If $S$ is such that $S^2 = S$ then

$$ S^2 - S = 0 $$

and so $S$ is annihilated by the polynomial $x^2 - x = x(x - 1)$. Therefore, the minimal polynomial $\mu_S(x)$ of $S$ divides $x(x - 1)$. This leaves only three possibilities:

1. $\mu_S(x) = x$ which means that $S = 0$.
2. $\mu_S(x) = x - 1$ which means that $S = I$.
3. $\mu_S(x) = x(x - 1)$ which means that both $0$ and $1$ are the eigenvalues of $S$ and therefore we have

$$ S = \begin{pmatrix} 1 & 0 \\ 0 & 0 \end{pmatrix} $$

in the eigenbasis of $S$.

Answer 2

There are 3 mutually exclusive and exhaustive cases. One is, kernel is of dimension 2 in which case you get the zero operator i.e. S=0, second case, when kernel is of dimension zero in which case you get the identity operator i.e. S=I and third case, kernel is of dimension one in which case image is of dimension one and you get the matrix you have given in your third case.

Answer 3

As others have already pointed out, this is really just a classification of the possible ranks of $S$ ("rank" here meaning the dimension of the image $S(\mathbb{R}^2)$, which can only equal $0,1$ or $2$). Here is a detailed argument that avoids using minimal polynomials:

If $S$ is rank $0$, then $S(\mathbb{R}^2)$ has dimension zero and is hence $\{0\}$, meaning $S$ is the $0$ transformation.

If $S$ is rank $2$, then it is invertible (it has trivial kernel by rank-nullity), so precomposing the equation $S^2 = S$ with $S^{-1}$ gives $S = I$, the identity.

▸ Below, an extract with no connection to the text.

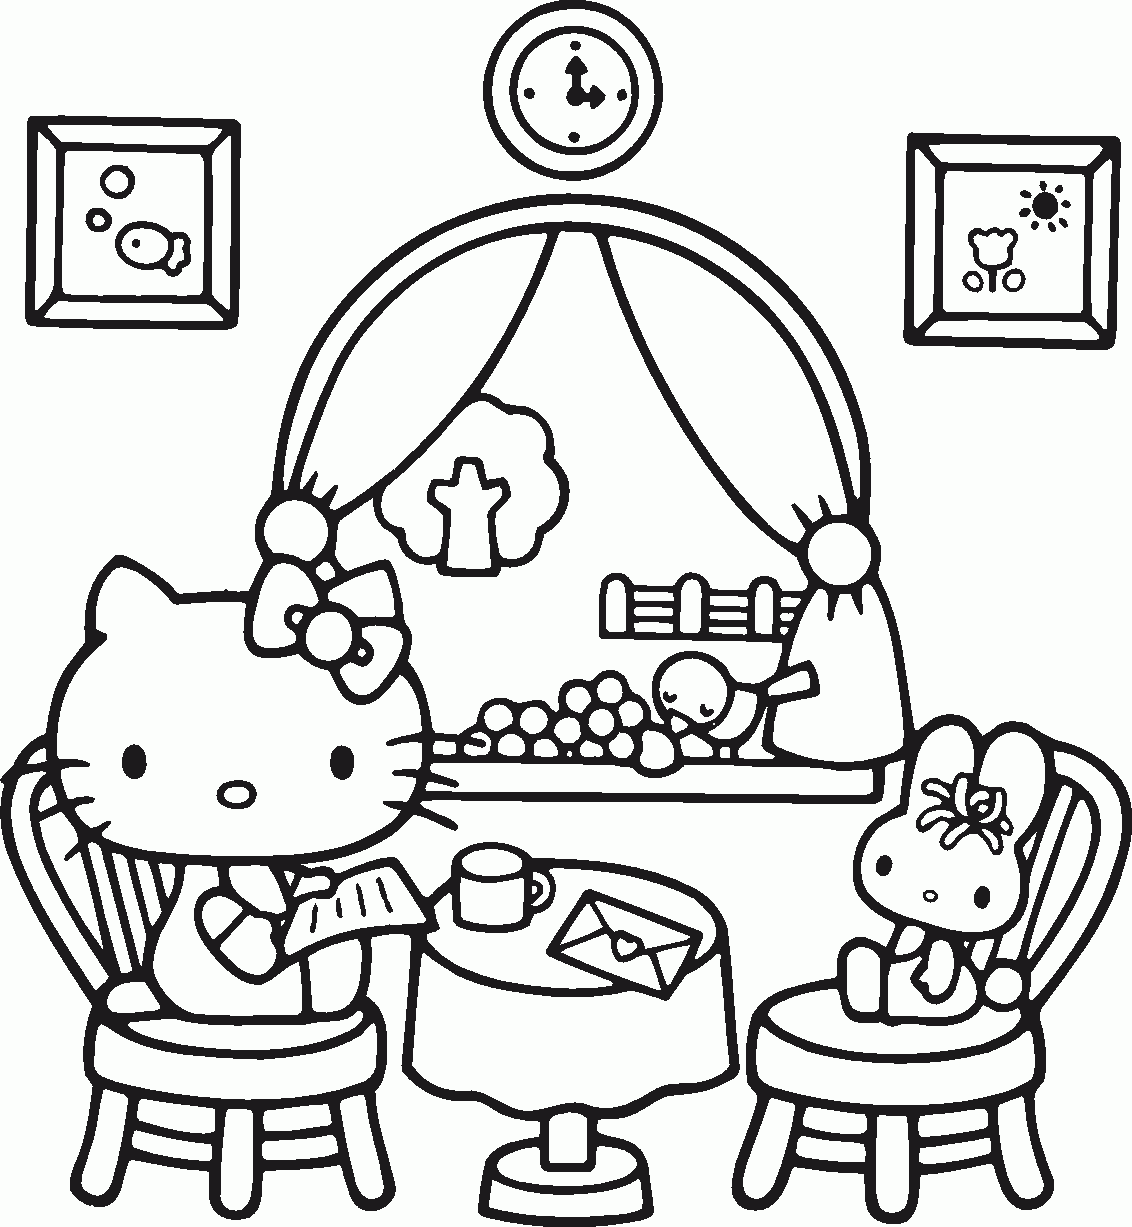 Amazing of Free Coloring Pages For Kids From Free Colori #645

Finally, suppose $S$ is rank $1$. The space $S(\mathbb{R}^2)$ is a subspace of $\mathbb{R}^2$, so take a basis vector $u$ of this subspace. Also note $S(u)=u$ (which can be seen by writing $u=S(x)$ and using $S^2=S$). Since the kernel of $S$ also has dimension $1$, we can pick a basis vector $v$ of this subspace as well. We claim $\{u,v\}$ is a basis of $\mathbb{R}^2$. By dimension it suffices to show $\{u,v\}$ is a linearly independent set. If $\lambda_1u+\lambda_2v=0$, then applying $S$ to this equation gives $\lambda_1u = 0$, so $\lambda_1=0$. But then $\lambda_2v = 0$, so $\lambda_2=0$ as well. This proves the claim.

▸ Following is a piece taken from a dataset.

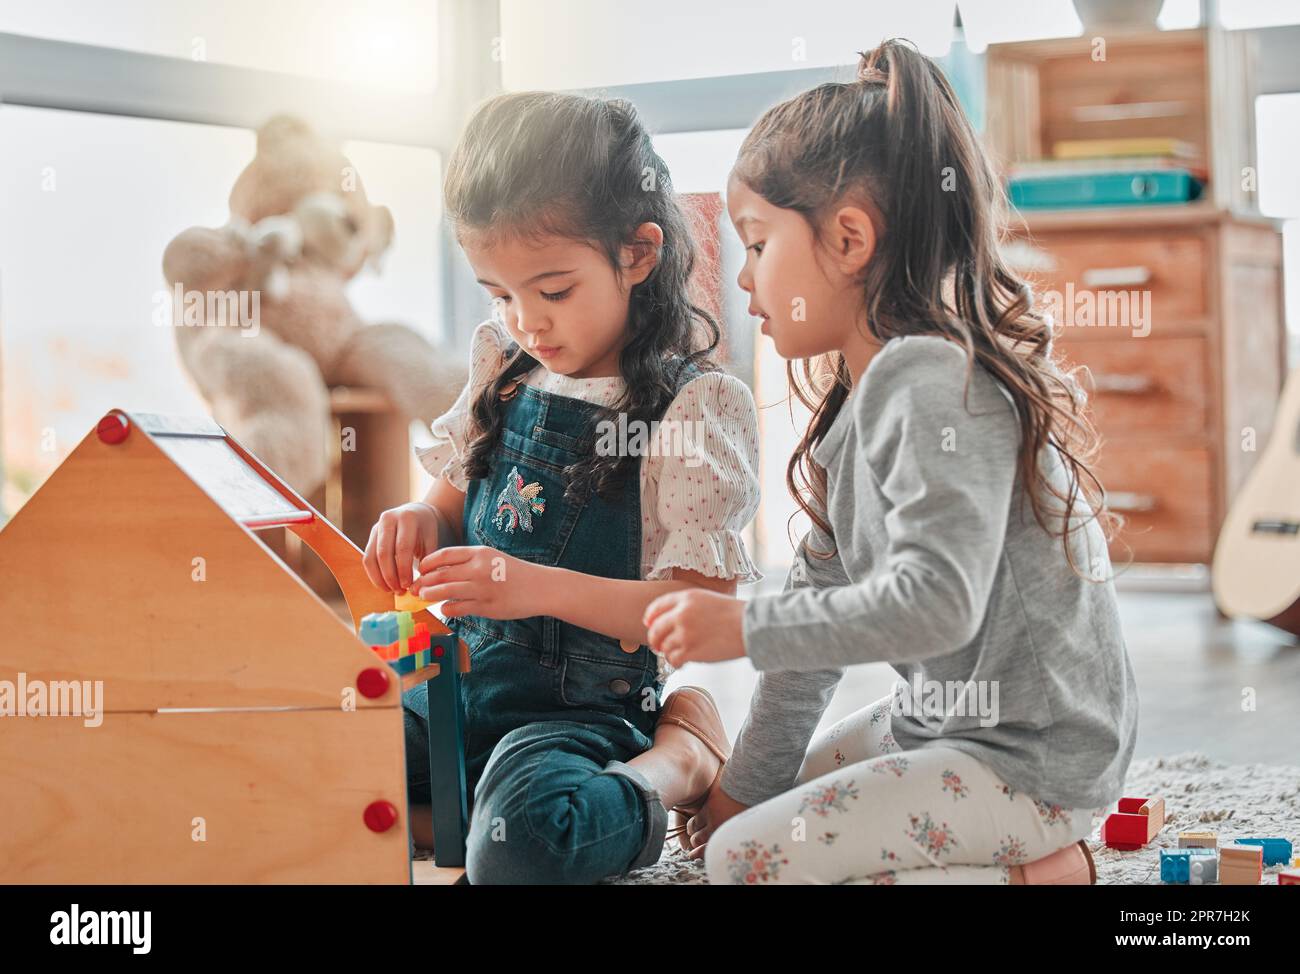 Were building a house for all our dolls to live in. two young girls playing with a dollhouse. Stock Photo

Finally, put $A = \{u,v\}$. Since $S(u) = (1)u+(0)v$ and $S(v) = (0)u+(0)v$, it has the desired matrix representation $$[S]_A^A = \begin{bmatrix}1 & 0 \\ 0 & 0\end{bmatrix}.$$

As a final remark: the property $S^2=S$ is called idempotence, and this result generalizes to higher dimension. See, for example, this question.

Answer 4

If $\text{im}(S)$, the image of $S$, is $0$-dimensional then $S=0$.

If $\text{im}(S)$ is $2$-dimensional then any vector in $\mathbb{R}^2$ can be written as $S(x)$ for some $x\in \mathbb{R}^2$, so the relation $S(S(x))=I(S(x))$ implies that $S=I$.

Consider the final case where $\text{im}(S)$ is $1$-dimensional. We claim there is a non-zero vector which $S$ fixes. Indeed, take an $x\in \mathbb{R}^2$. If $S(x)=x$ we are done. If not, then the relation $S\circ S=S$ implies that $S$ fixes $y=x-S(x)$. Now take any vector in $\mathbb{R}^2$ which is linearly independent of this $S$-fixed vector and you have the basis for the final case.